By analyzing existing cross correlation between Wienerberger AG and S IMMO AG, you can compare the effects of market volatilities on Wienerberger and S IMMO and check how they will diversify away market risk if combined in the same portfolio for a given time horizon. You can also utilize pair trading strategies of matching a long position in Wienerberger with a short position of S IMMO. Check out your portfolio center. Please also check ongoing floating volatility patterns of Wienerberger and S IMMO.

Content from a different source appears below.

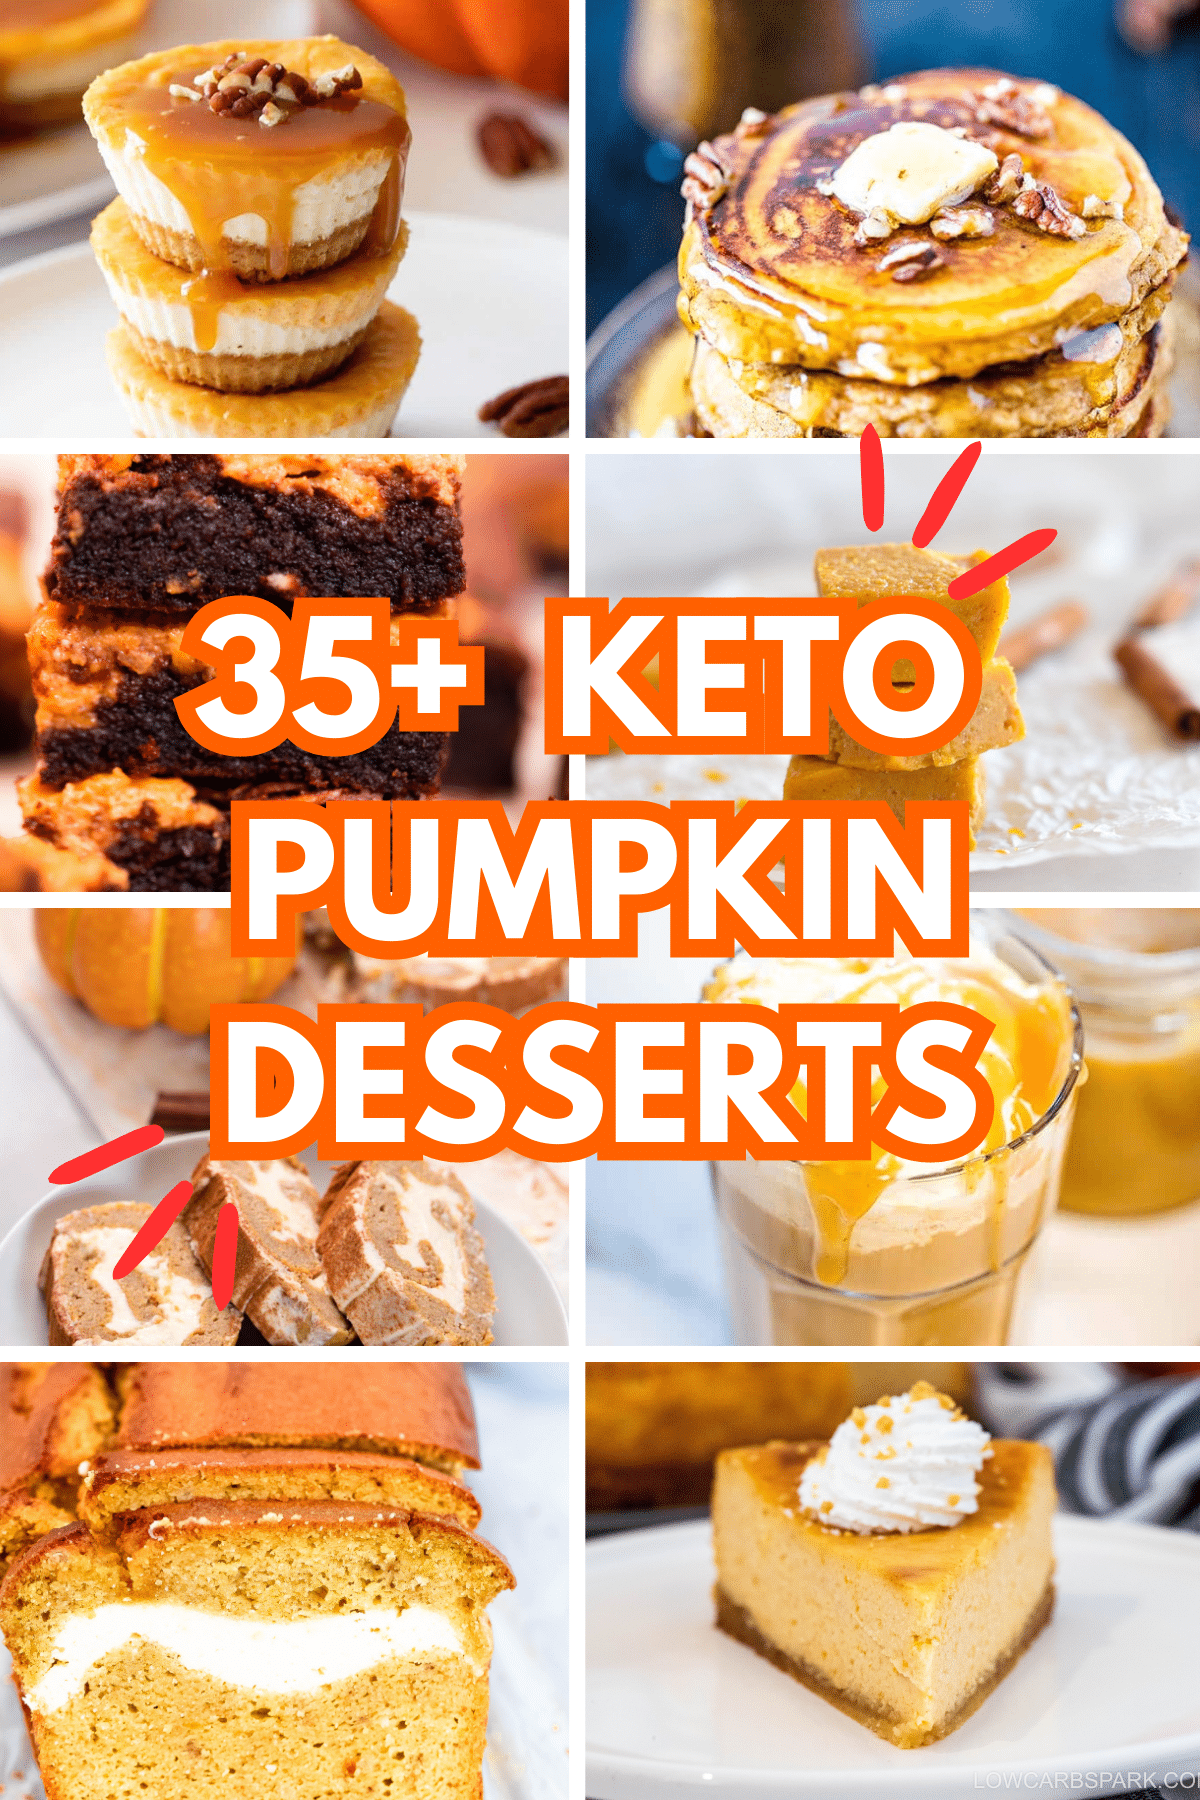 keto pumpkin desserts lowcarbspark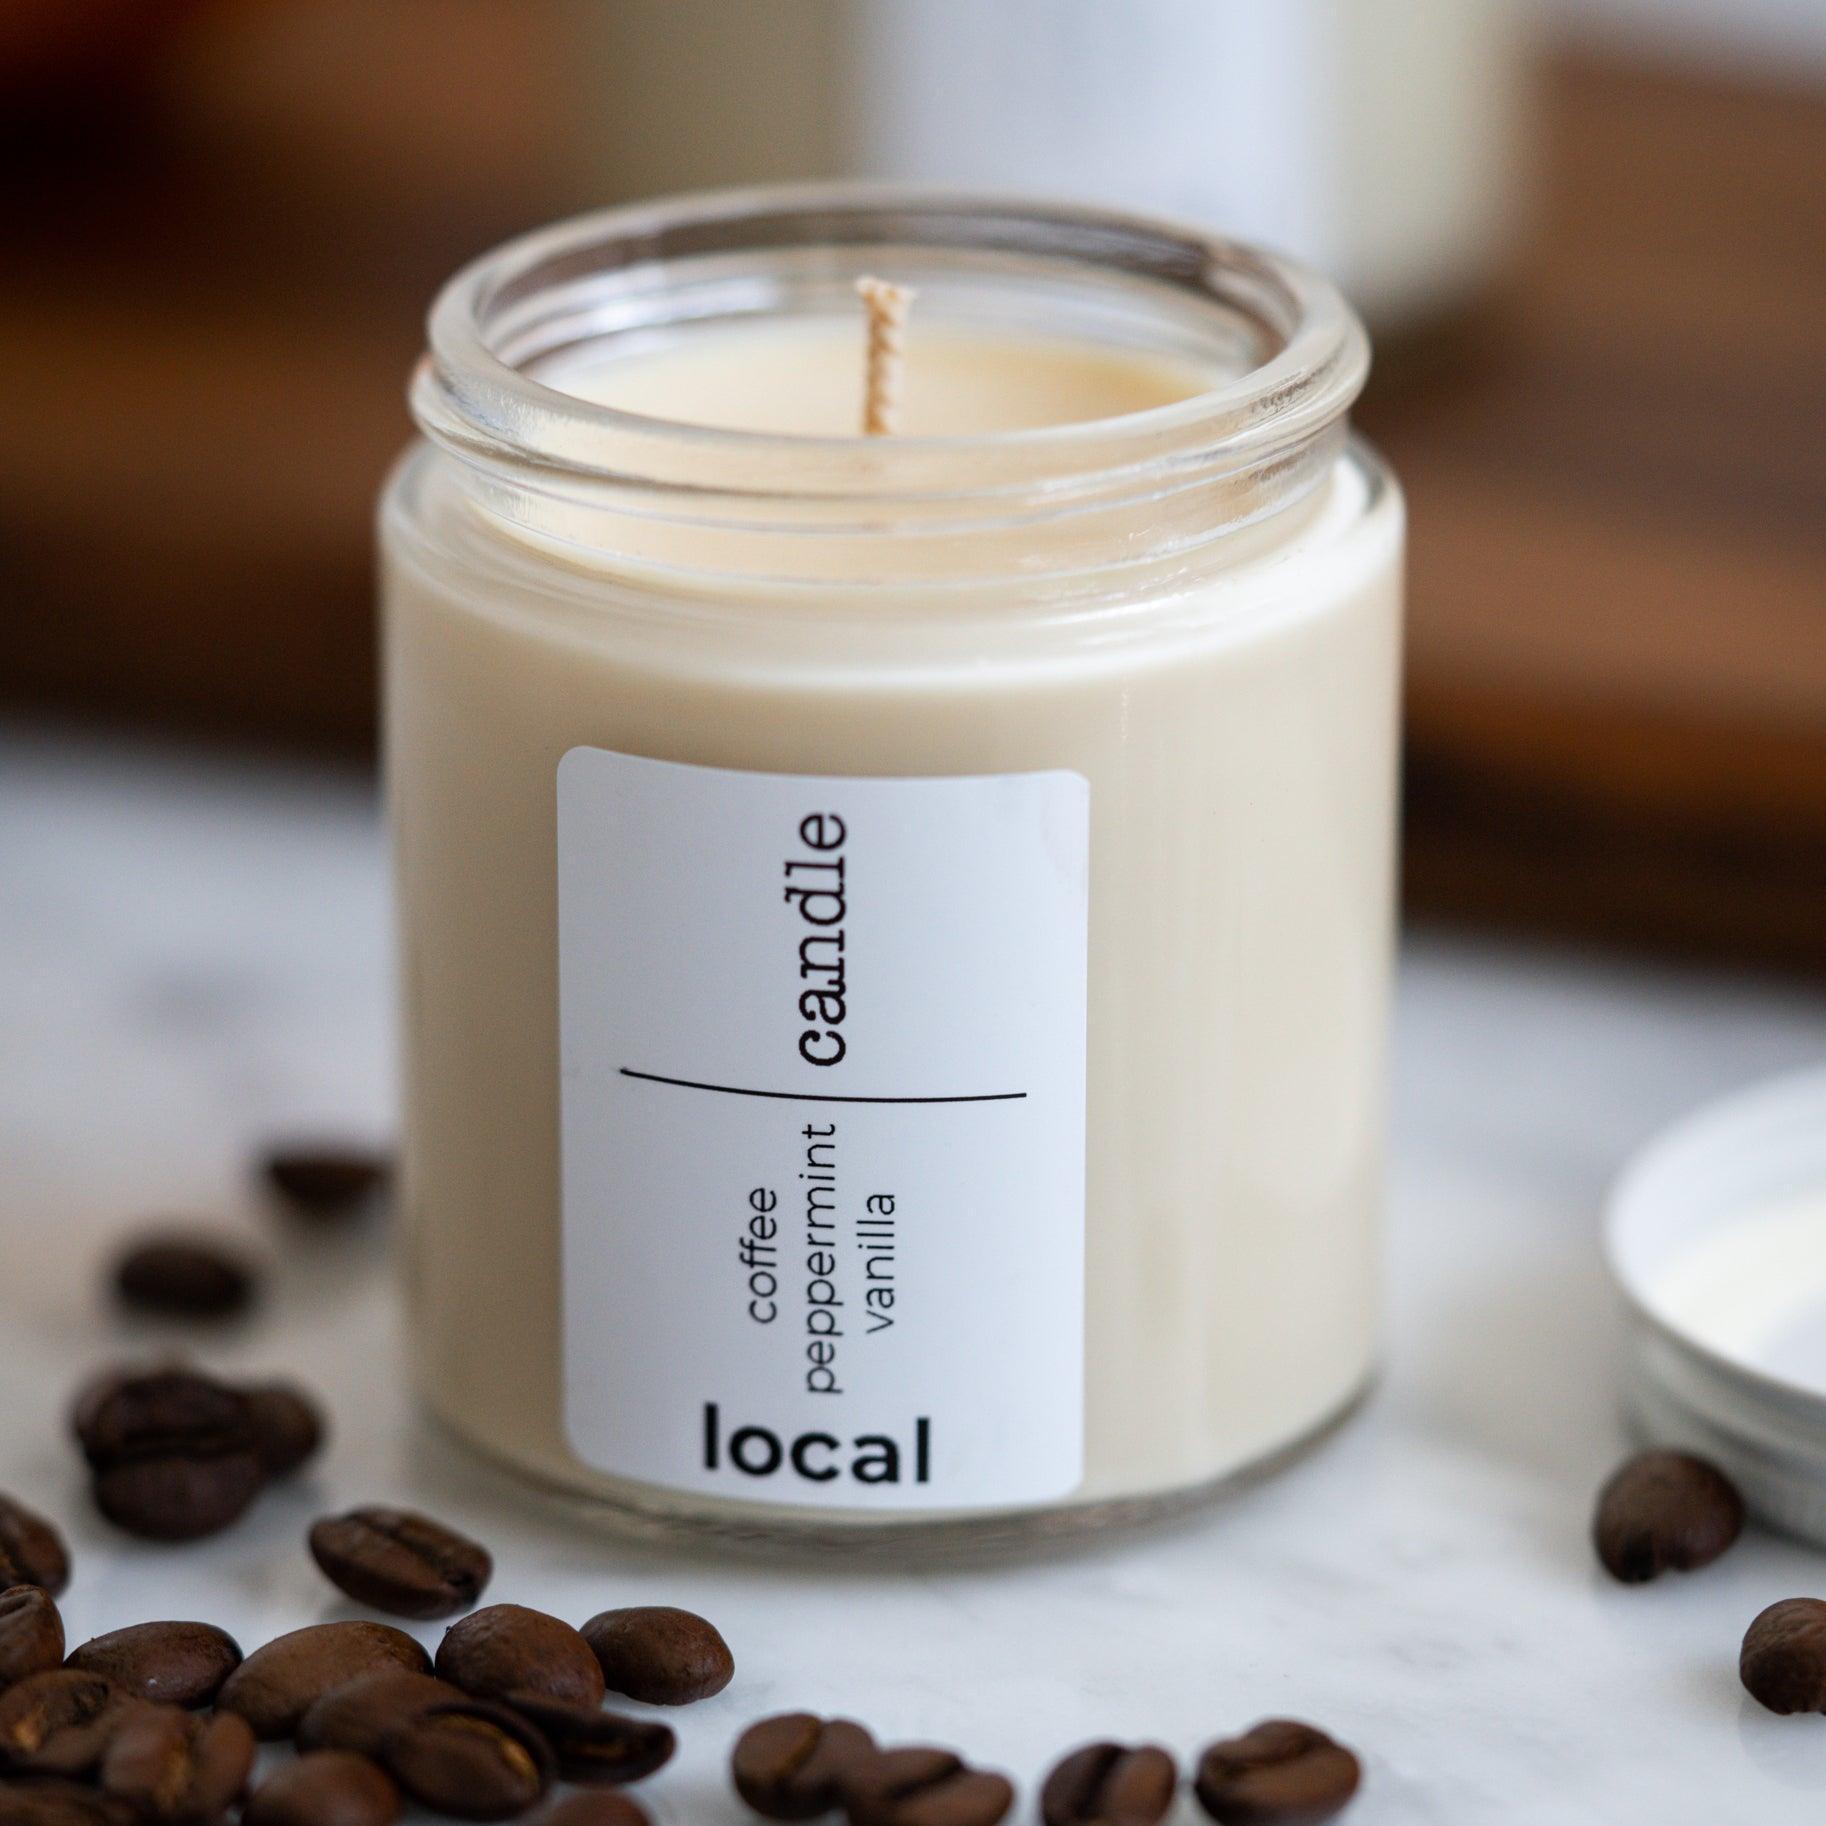 local candle - peppermint cinnamon vanilla - local - letsbelocal.ca

Diversification Opportunities for Wienerberger and S IMMO

0.43
  Correlation Coefficient

Very weak diversification

The 3 months correlation between Wienerberger and SPI is 0.43. Overlapping area represents the amount of risk that can be diversified away by holding Wienerberger AG and S IMMO AG in the same portfolio, assuming nothing else is changed. The correlation between historical prices or returns on S IMMO AG and Wienerberger is a relative statistical measure of the degree to which these equity instruments tend to move together. The correlation coefficient measures the extent to which returns on Wienerberger AG are associated (or correlated) with S IMMO. Values of the correlation coefficient range from -1 to +1, where. The correlation of zero (0) is possible when the price movement of S IMMO AG has no effect on the direction of Wienerberger i.e., Wienerberger and S IMMO go up and down completely randomly.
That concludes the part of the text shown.